Saturday, September 27, 2014

Review of Happy Accidents: Serendipity in Modern Medical Breakthroughs by Morton A. Meyers

Our friend Taleb strongly recommended reading Happy Accidents: Serendipity in Modern Medical Breakthroughs by SUNY radiologist Morton Meyers:

"[A] controlled experiment can easily show absence of design in medical research: you compare the results of top-down directed research to randomly generated discoveries. Well, the U.S. government provides us with the perfect experiment for that: the National Cancer Institute that came out of the Nixon 'war on cancer' in the early 1970s.

'Despite the Herculean effort and enormous expense, only a few drugs for the treatment of cancer were found through NCI's centrally directed, targeted program. Over a twenty-year period of screening more than 144,000 plant extracts, representing about 15,000 species, not a single plant-based anticancer drug reached approved status. This failure stands in stark contrast to the discovery in the late 1950s of a major group of plant-derived cancer drugs, the Vinca Alcaloids -a discovery that came about by chance, not through directed research.'"
The point of Meyers' book is that almost none of the dozens of most important medical breakthroughs over the past century or so, especially in pharmaceuticals, would have been found by the current medical research system. Huge projects with NIH or other government funding are not what led to breakthrough discoveries. Physicians and scientists tinkering with accidental (serendipitous) discoveries is what has led to breakthroughs. Taleb sees a pattern in the researchers' stories:
  • The discoverer is almost always treated like an idiot by his colleagues. Meyers describes the vicious side effect of "peer reviewing".
  • Often people see the result but cannot connect the dots (researchers are autistic in their own way).
  • The members of the guild gives the researcher a hard time for not coming from their union. Pasteur was a chemist not a doctor/biologist.
  • Many of the results are initially discovered by an academic researchers who neglects the consequences because it is not his job.
Besides the National Cancer Institute that Taleb mentioned in his review, China is a good example of the failure of top-down research and over-organization. As was discussed in our review of The Party, the Chinese "elite consumes all of the potentially productive capital that innovators might otherwise use to create additional capital. So China's list of inventions is paltry."
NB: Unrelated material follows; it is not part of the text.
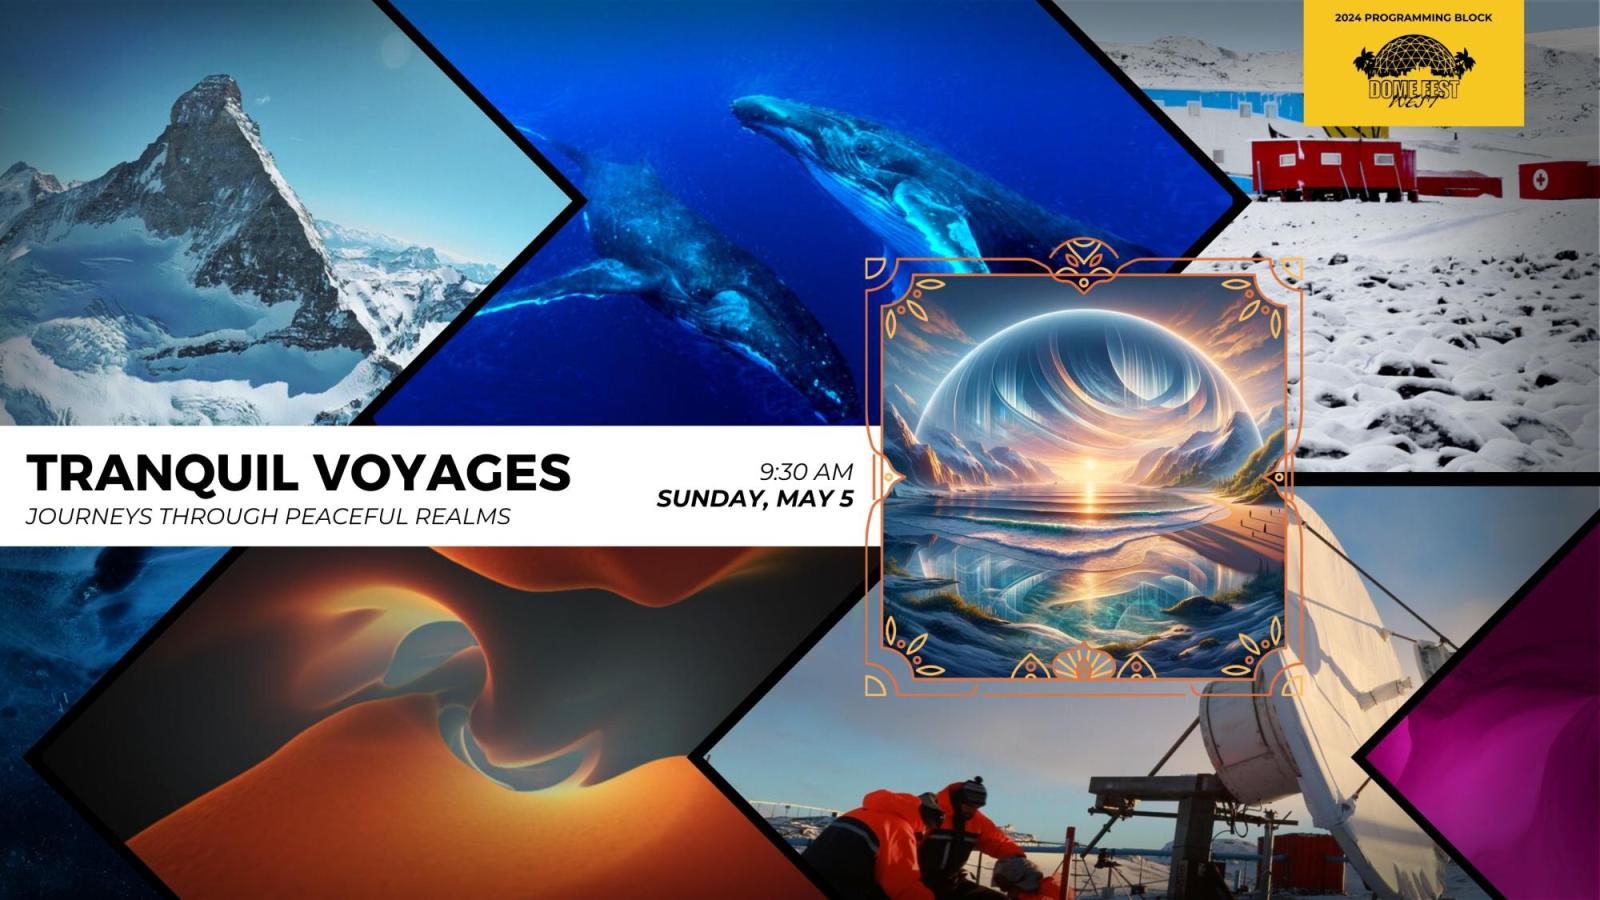 Tranquil Voyages text with Dome Fest West logo and 7 still images from films

The other key insight from the book, which is sort of tangential to his thesis, is that medical discoveries are incredibly slow to be put into practice. Ignaz Semmelweis discovered in 1847 that medical students in Vienna were killing women with puerperal fever by conducting autopsies and then examining patients without washing their hands. Doctors were offended and it took decades for them to finally wash their hands.
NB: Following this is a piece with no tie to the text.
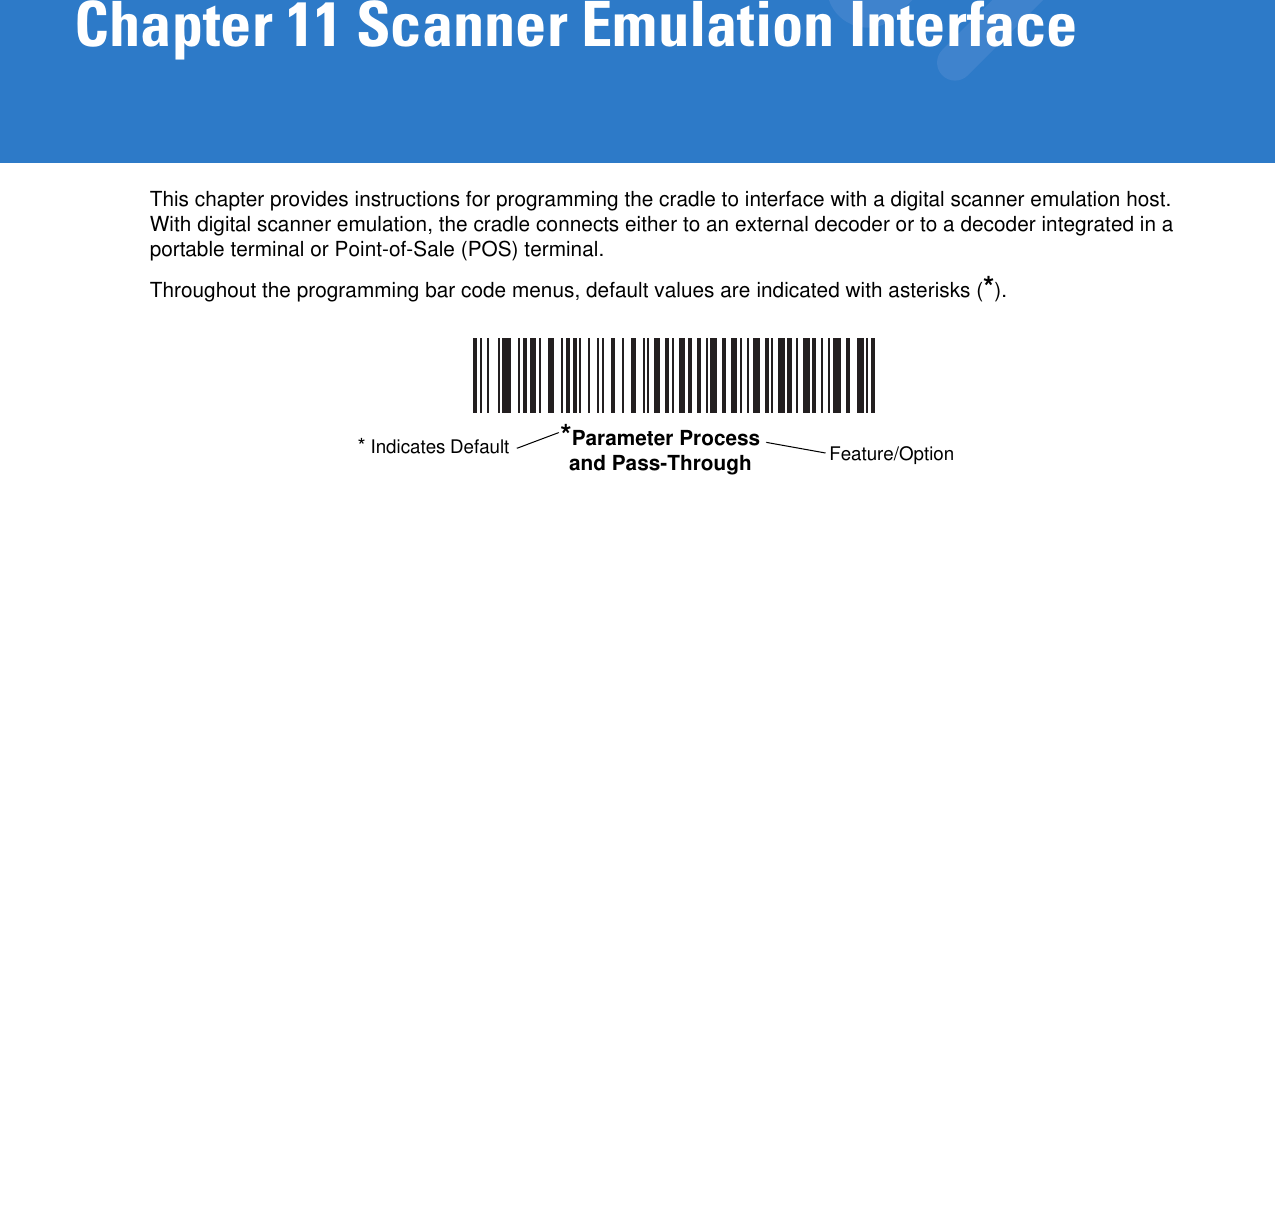 Chapter 11 Scanner Emulation InterfaceThis chapter provides instructions for programming the cradle to interface with a digital scanner emulation host. With digital scanner emulation, the cradle connects either to an external decoder or to a decoder integrated in a portable terminal or Point-of-Sale (POS) terminal.Throughout the programming bar code menus, default values are indicated with asterisks (*).*Parameter Process and Pass-Through Feature/Option* Indicates Default

There are some things I've read over the past several years that still aren't widely known. For example, while cholesterol levels too high may be bad, the optimal cholesterol is not zero, and it is higher than people think. There is a U-shaped curve where high cholesterol has the well-known cardiovascular effects, but low cholesterol leads to depression and suicide.

Another interesting one is that lithium levels in municipal drinking water are inversely associated with suicide. Note that lithium for mania is one of the breakthroughs in Meyers' book, and he writes that "another factor contributing to slow development of lithium therapy was the lack of commercial interest by pharmaceutical companies in this inexpensive, unpatentable mineral."

I wonder if there are all kinds of mineral deficiencies in the population, because there's something similar occurring with magnesium. This recent paper says that there is "more than sufficient evidence to implicate inadequate dietary magnesium as the main cause of treatment resistant depression, and that physicians should prescribe magnesium for treatment resistant depression". See also this Evolutionary Psychiatry post where she says that the Mg case studies remind her of "old fashioned papers, such as [the] one by John Cade about the use of lithium in mania."

She says that "there is a woeful lack of well-designed, decent-sized randomized controlled trials of various psychiatric disorders and magnesium supplementation." This is because there is no vig for anyone in increasing dietary Mg, and in fact it would torpedo the sales of the big pharma lucrative antidepressants if it works as advocates suspect it does.

I give this a 3/5 in that I wouldn't need to reread it again, but I agree 100% with Meyers' thesis.

1 comment:

Anonymous said...


You may enjoy Plague Time by Paul Ewald, which covers similar territory:

The book's message is that infections diseases have evolved in response to better sanitation and that the medical establishment has missed/ignored the implications of this. Ewald mentions Semmelweis and his struggle for acceptance early in the book.